Capstone project

Csaba Farago
2021-05-24

This is the final project of Data Science Specialization course series at Coursera.

Overview

The task was to try to guess the next word of a started sentence. More specifically:

  • Input: corpus of text, containing blog entries, news and tweets, 4 languages (English, German, Finnish, Russian).
  • Size (English): ~1-2 million rows, ~30-40 million words each.
  • Key idea of elaboration: the n-gram model (word triplets).
  • Result: an online application which suggests the next word.

Issues

Main idea: divide the corpus into word triplets, create a hash which calculates the number of occurrences, and the results could be used for the next word guess.

There were several issues with this approach:

  • The corpus is huge. There were memory and CPU problems.
  • The R list is not optimized for hash. An external R package hash was used instead.
  • The input was not clean. The news contained end of file character (the SUB character), where file read terminated. I removed it manually.

Algorithm

The algorithm is split into 2 major parts.

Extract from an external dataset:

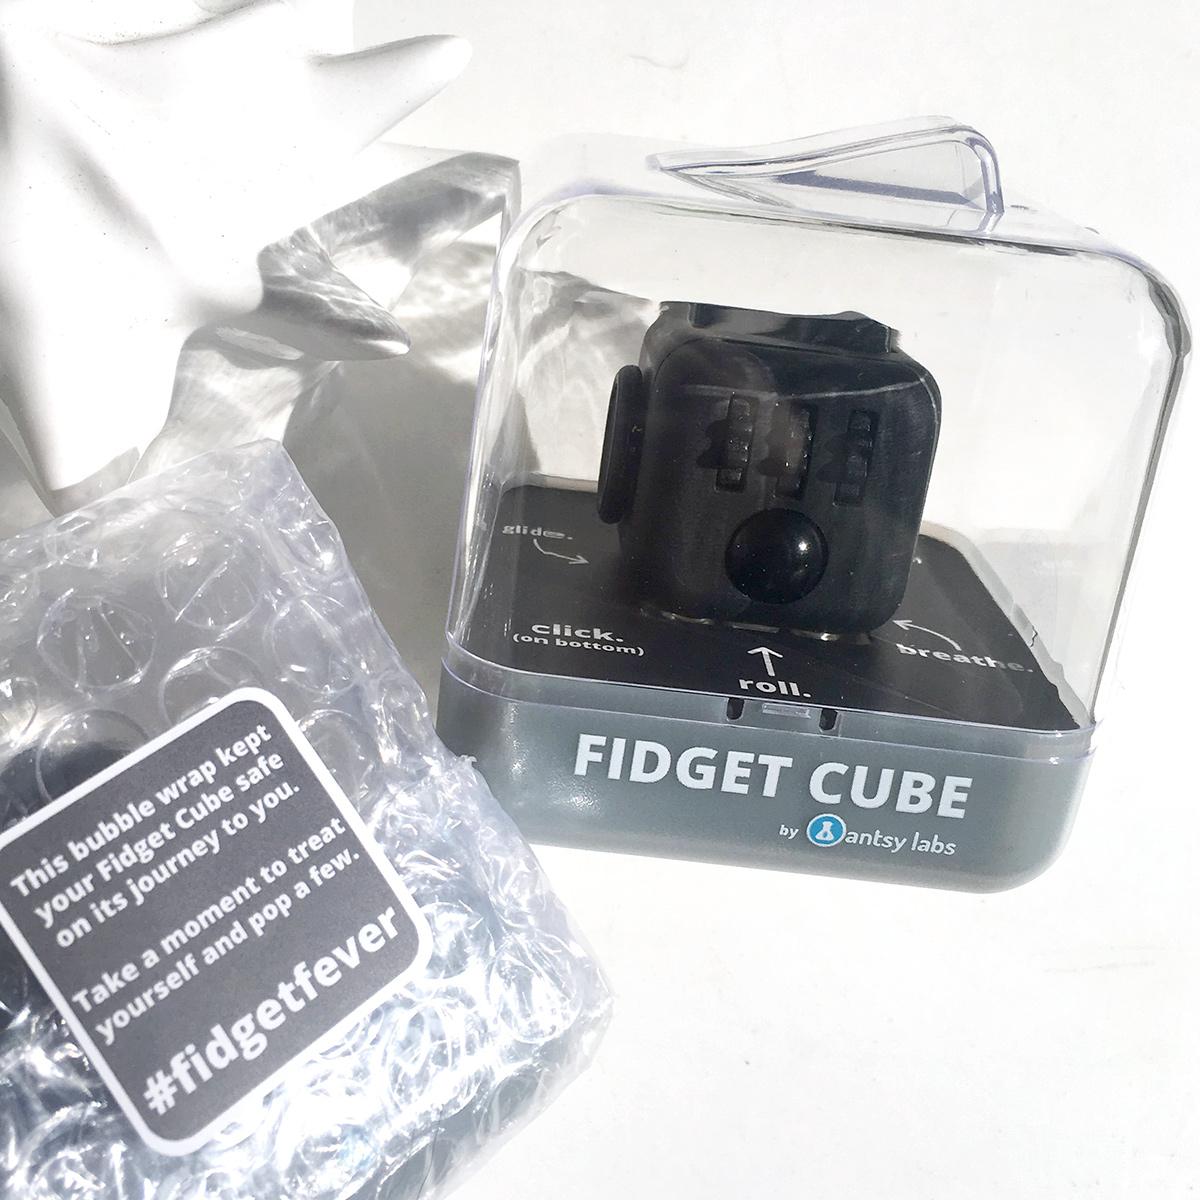 fidget1.jpg

I. Create cache. It is divided into 4 major steps:

  • Create word triplets.
  • Merge and split the triplets into files (starting letter).
  • Calculate number of occurrences.
  • Input for guessing next word: 2 words key, third words value.

II. Use cache in the app. The Shiny app reads the cached input at startup which takes a few seconds only.

Result

The user should write something into the left-hand side input field.

Guess the next word

Ideas for developing further: consider more words, other languages, better GUI.